Sporo ożywienia do gry Impela wniosła nowa rozgrywająca, Serbka Maja Ognjenović. - Z nową rozgrywającą współpracuje się bardzo dobrze. Właściwie od początku nie było żadnych problemów. Chociaż o to bardziej trzeba pytać atakujące niż mnie, ale jak na moje oko, od razu w bardzo krótkim czasie wtopiła się w drużynę i na boisku, i poza nim - skomentowała młoda libero.

Dzięki wygranej we Wrocławiu nieco przycichną plotki o możliwym zwolnieniu szkoleniowca zespołu, Rafała Błaszczyka. - Plotki rozsyłają kibice. Czy przestaną tak mówić, to nie wiem. My nie narzekamy na współpracę z trenerem - powiedziała Dorota Medyńska portalowi SportoweFakty.pl.

Poniedziałkowe spotkanie w Hali Orbita we Wrocławiu miało wyjątkową oprawę. Na trybunach pojawiły się bowiem tłumy dzieci ze szkół, które stworzyły doskonałą atmosferę. - Kibice bardzo nas dopingowali - szczególnie dzieci ze szkół. Nam to jest bardzo potrzebne i czujemy to na boisku. Cieszymy się, że pomimo tych ostatnich słabszych meczów, fani dalej przychodzą na nasze mecze, dalej wierzą i dopingują. To naprawdę bardzo pomaga - skomentowała zawodniczka.
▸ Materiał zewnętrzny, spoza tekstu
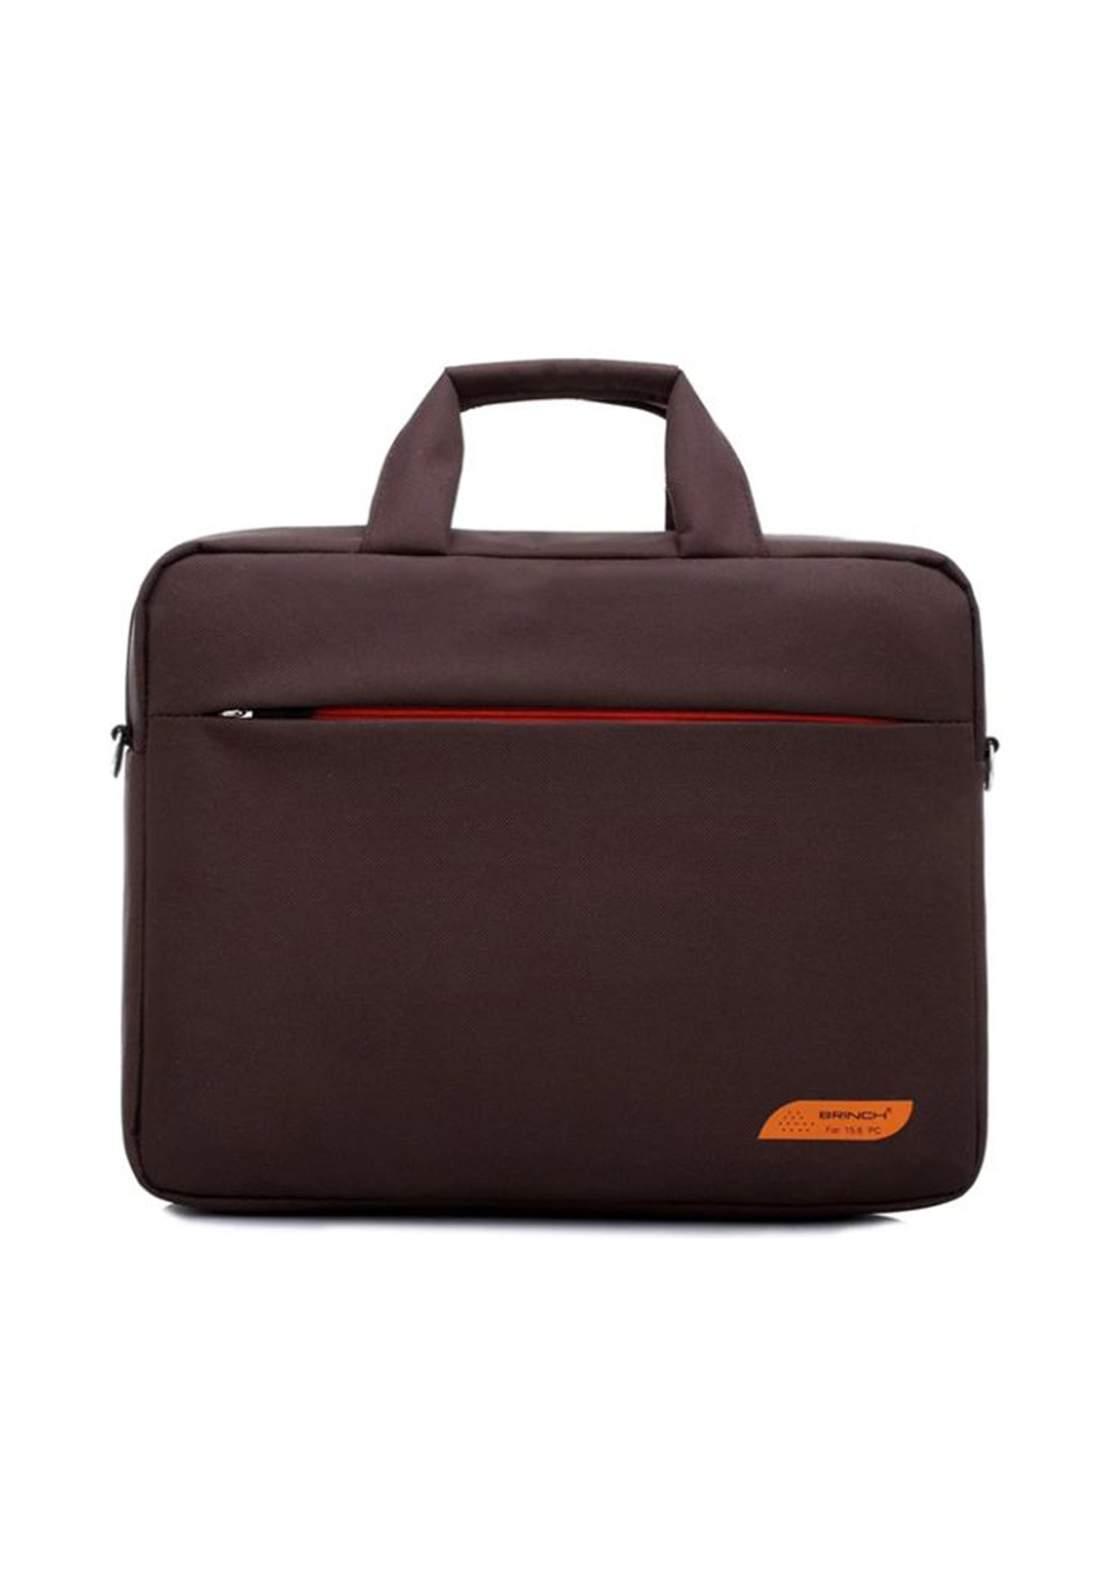 "SS-206  15.6"" Laptop Bag - Brown  حقيبة لابتوب"

Wrocławianki jeszcze przed świętami rozegrają jedno spotkanie. Ich rywalem w meczu wyjazdowym będą Budowlani Łódź. - Przed nami mecz w Łodzi. Oczywiście jedziemy po zwycięstwo, jak na każde spotkanie. Później krótka przerwa na święta i wracamy, pracujemy dalej. W każdym następnym spotkaniu gramy już o zwycięstwo. Nie zastanawiamy się nad niczym tylko po prostu wychodzimy na boisko i chcemy zdobywać punkty - zaznaczyła libero wrocławskiej ekipy.

Impel w tym sezonie jeszcze nie odniósł zwycięstwa za trzy punkty. Czy to zmieni się po spotkaniu w Łodzi? - Wierzę, że tak będzie - podsumowała siatkarka z uśmiechem na ustach.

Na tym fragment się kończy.